Huh, my mistake good thing I put a question mark on the Quest 2 resolution per eye so that’s almost 1000 lines more resolution than 1080p.
The fact.that the Quest 2 with its decently outdated SOC and sub native rendering ( even when streaming from PC) comes anywhere close to either Pimax or Index highlights how good those panels are, and again how good strobing is.
Also consider that PC VR on Quest is streamed, so has all the issues of bitrate, compression, Etc.
You’re one hundred percent right that the PC VR headsets are better, but bang for buck wise, Quest 2 aint bad.
They’re also 100% right that things like foveated displays, rendering, etc. Is definitely going to be necessary, and companies like varjo have already shown the usefulness of that approach.
My rant about strobing really is more about in the monitor space Oh, but I feel like a thoroughly different type of display would do better, especially since they want to do varifocal now.
The reason Quest 2 looks good in that video is because he has “Link Sharpening” on while he probably isn’t using AMD CAS for the 5KS or 8KX…add AMD CAS sharpening and you’ll see the difference.
@NextGenVR were you using any sharpening in the 8KX/5KS?..definitely makes a difference, especially with an Index, it’s basically an HMD upgrade since it’s so much more clean looking… Quest 2 with Link Sharpening is almost oversharpened, but it makes things very clean.
I’ve always thought the q2 and 8kx had good displays that looked about the same clarity wise (and iirc their ppd values are v similar), i thought the q2 had the best binocular overlap, 3D effect was excellent, i’d seen in a hmd i’d used. I’ve never tried a 5k so can’t comment on it.
I’m not familiar with link sharpening. How do you enable it in Pimax headsets?
For quest 2 I used 1.0 render quality at 90hz but 150% supersampling in steam.

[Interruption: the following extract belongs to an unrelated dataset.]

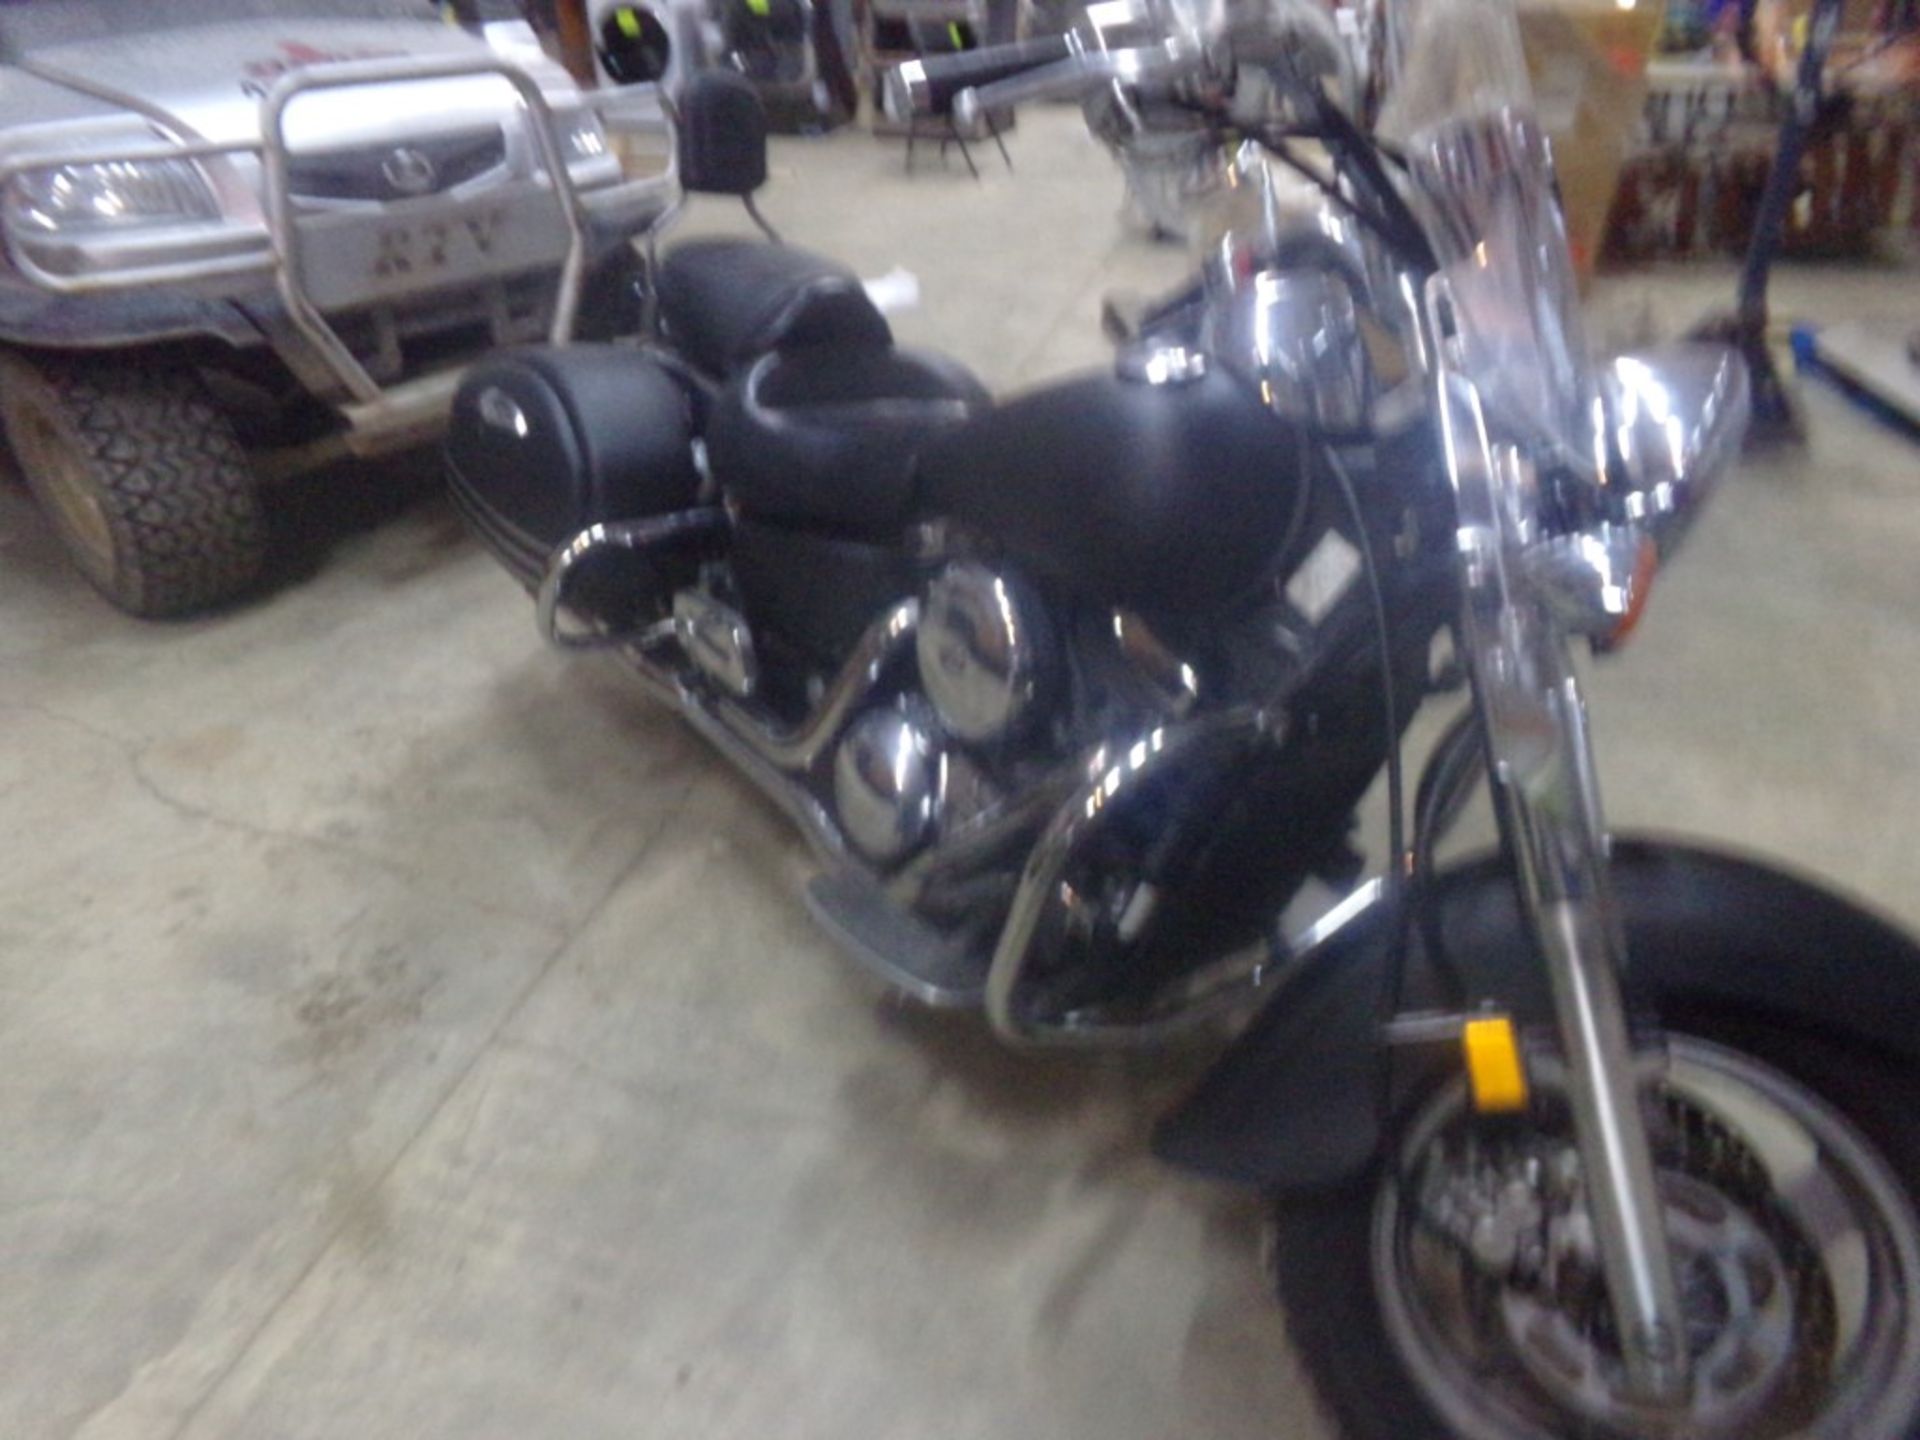 1998 Valcan Kawasaki 1500c Motorcycle w/Side Bags, Windshield, Flat Black, 19,662 Miles, VIN#: - Image 2 of 7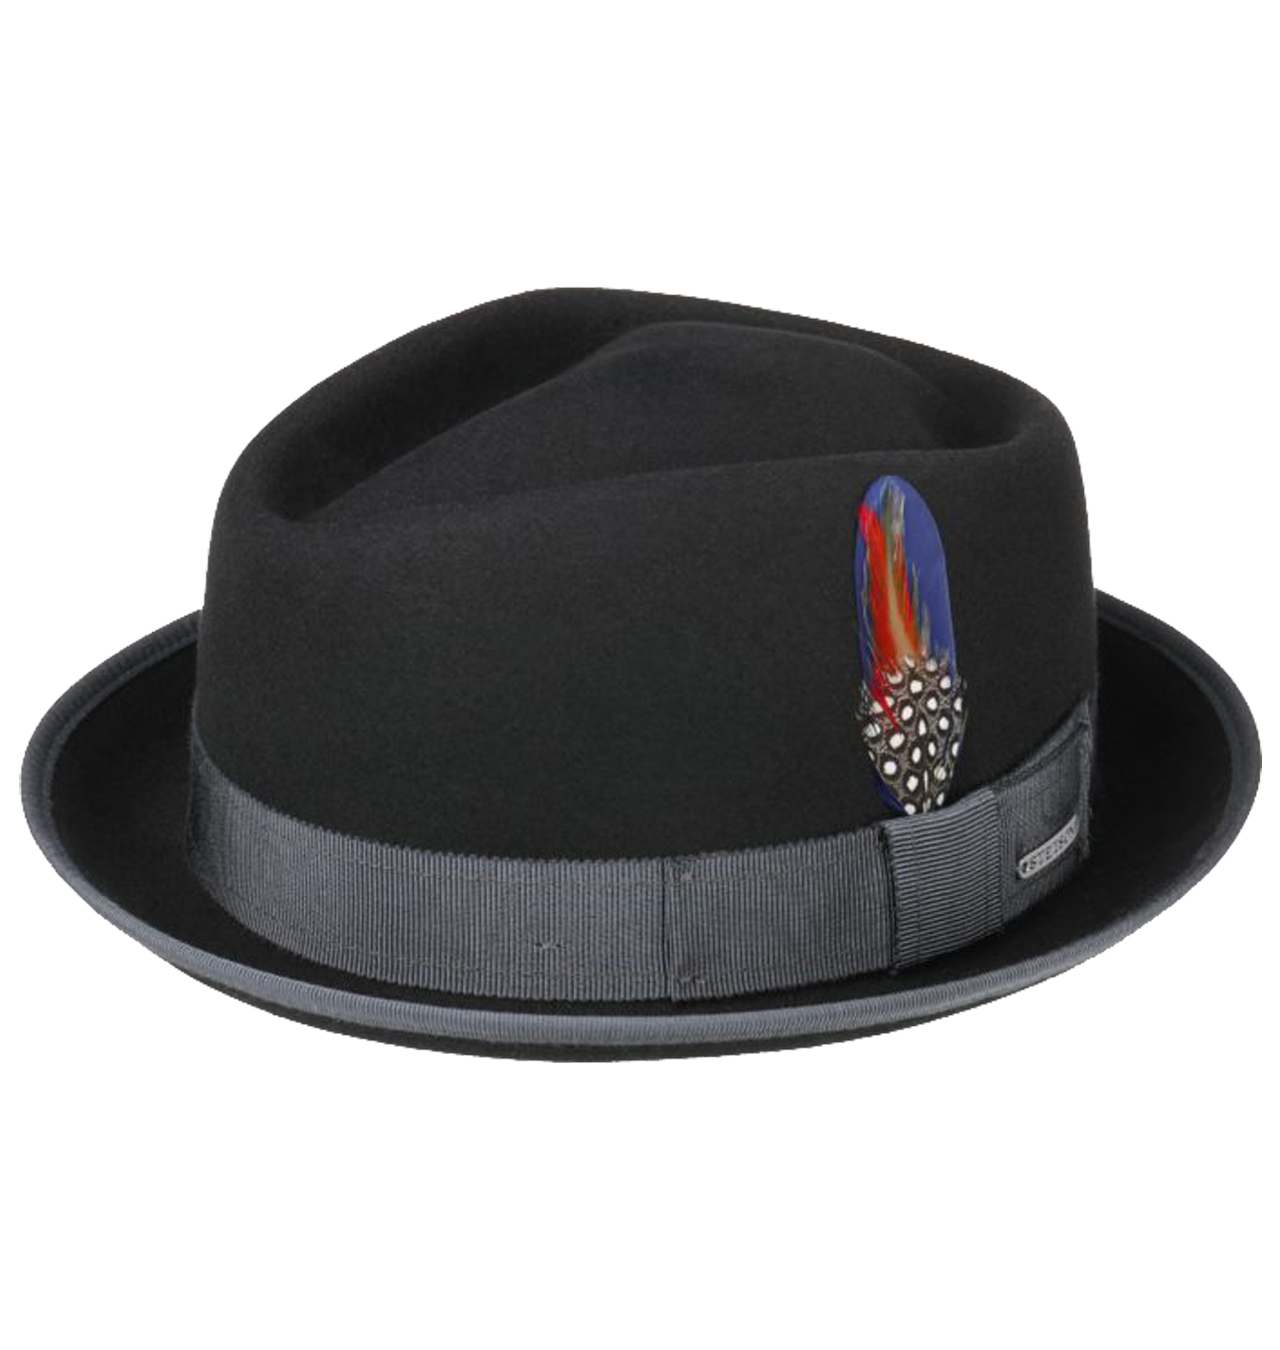 Stetson - Hulett Diamond Wool Hat With Cashmere - Black

Link Sharpening is probably already enabled in your Oculus debug tool. This has nothing to do with Pimax headsets:
You’re showing non-sharpened images in the Pimax captures vs sharpened in Quest 2 which is why people are saying Quest 2 looks better than expected.
Sharpening via SteamVR can be done in different ways, and some games already have this in their settings (Wanderer for example under FidelityFX). Also, if you load up the Quest2 via SteamVR you’ll be combining the sharpening together, so you should disable CAS when using Quest 2 on SteamVR (or better yet disable Link Sharpening to have the same sharpening effect between all headsets).
I used to use this:
You can toggle it on/off easily using the End key. A quick test would be looking at the ground in the Beat Saber menu and realize how much more detail is has with a little bit of sharpening.
Or the full release in Reshade (here is the page describing the VR release/usage, but this isn’t the latest release):
Latest release of Reshade is here https://reshade.me/
Not all games will work so I use something from a different dev: Installation | reshade-vrtoolkit for HL:Alyx
You can also just shut off Link Sharpening to compare easier but it’s worth looking into sharpening for SteamVR headsets.
I’m surprised you don’t know about this. Most people say sharpening makes things look worse on flat displays, and I’d agree, but this version of CAS (contrast adaptive sharpening) works amazing for VR without any overly sharpened effects. You have to try it yourself and tweak the values (sometimes I go up to 3.5 in some games with an Index ). Some games already have this built in, like Wanderer (it’s called FidelityFX)
Basically, your video is showing Quest using an image like #2 while the Pimax capture is showing the game like #1.